Urscheler played a key role in the formation of the Schuylkill River Passenger Rail Authority (SRPRA), which aims to restore passenger rail service between Reading and Philadelphia. He was instrumental in initiating the Mayor’s Task Force on Rail Restoration in Phoenixville in 2018, which laid the groundwork for the SRPRA. Urscheler serves as a founding member and treasurer of the authority.

In 2022, Urscheler was appointed Legislative Committee Co-Chair on the Pennsylvania Municipal League (PML) Board of Directors. In this role, he acts as a spokesperson on League policy, reports pending legislation to the Board, coordinates lobbying and media affairs, and represents the League at public hearings.

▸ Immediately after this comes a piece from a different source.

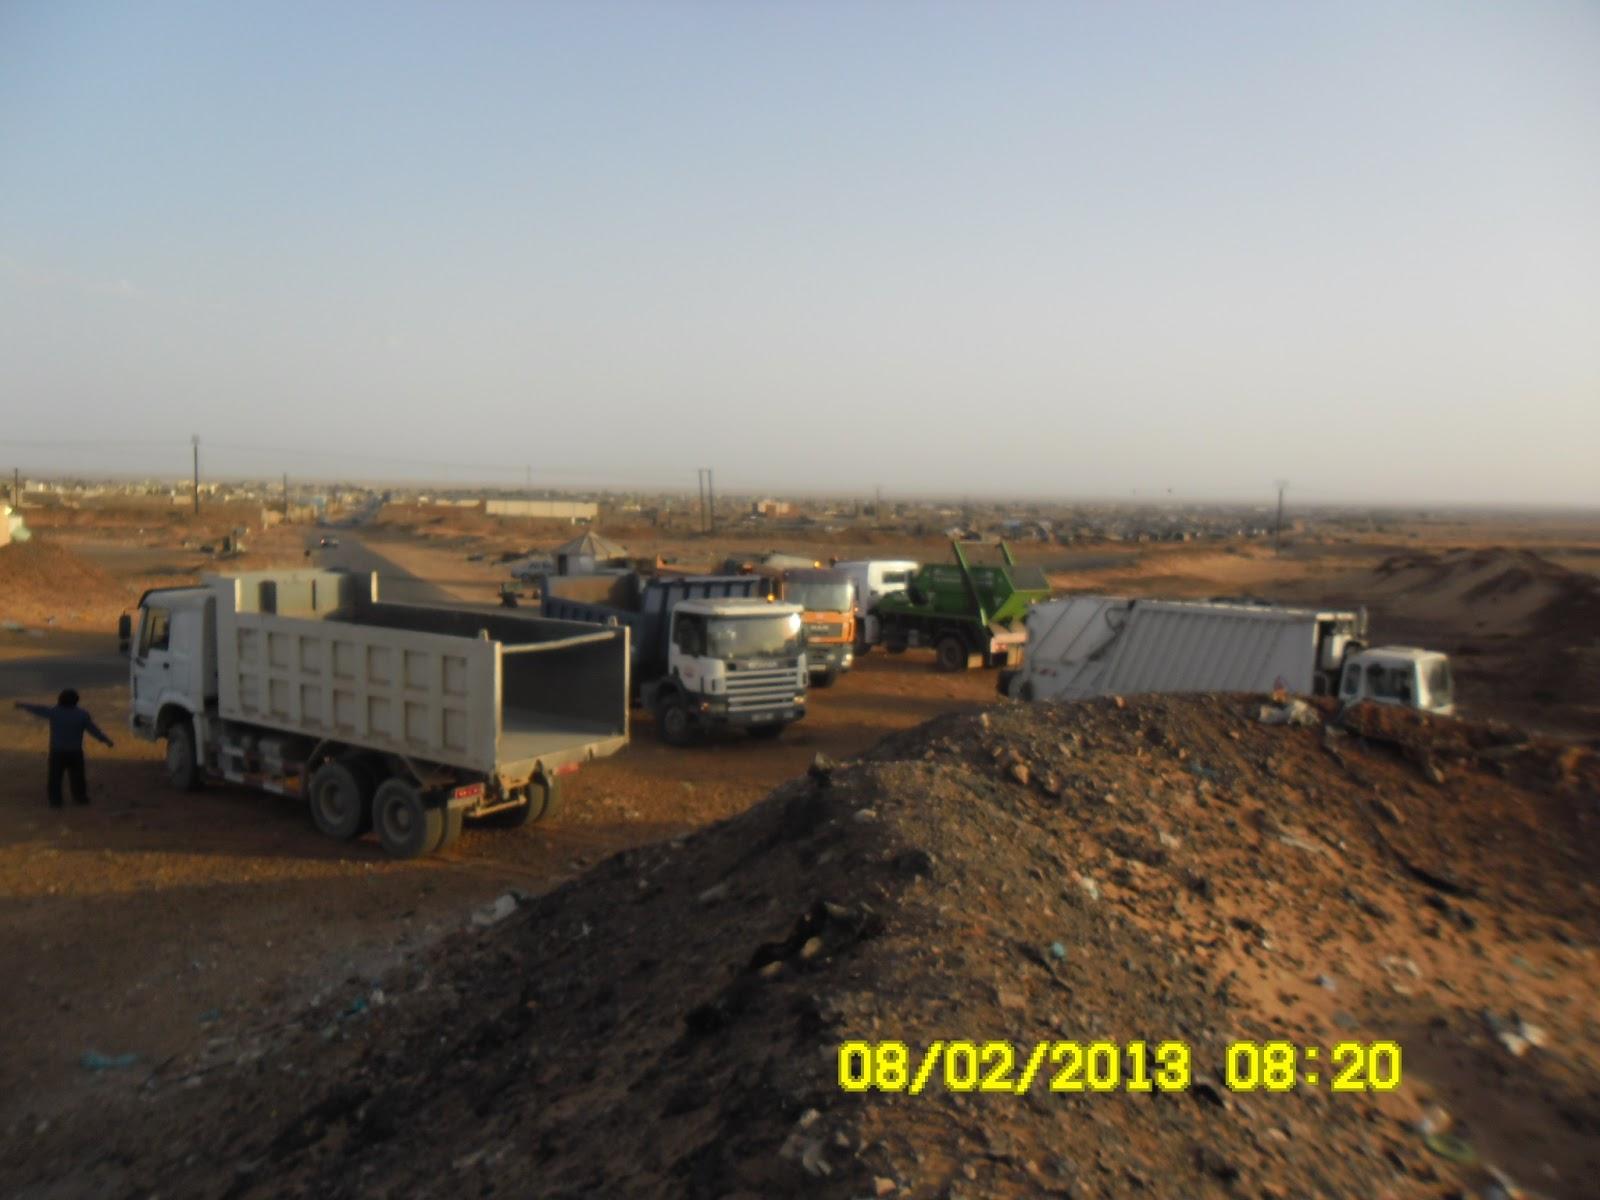 عمال اسنيم في ازويرات يتوقفون عن العمل 4 ساعات

==Honors and recognition==
- Ten Outstanding Young Americans, 2019 – JCI USA
- Outstanding Young Alumni, 2019 – Stetson University
- VISTA Millennial Superstar, 2020 – Vista Today
- BSA VISTA Leadership Megastar, 2024 – Boy Scouts of America
- Outstanding Foreign Worker in Government Service, 2019 – Team United Maharlika Foundation
- Merit Award, 2015 – Phoenixville Regional Chamber of Commerce

==Personal life==
Urscheler lives in downtown Phoenixville with his two dogs, Ian and Ina. He serves on the boards of the Phoenixville Area Senior Center and the Schuylkill River Heritage Center.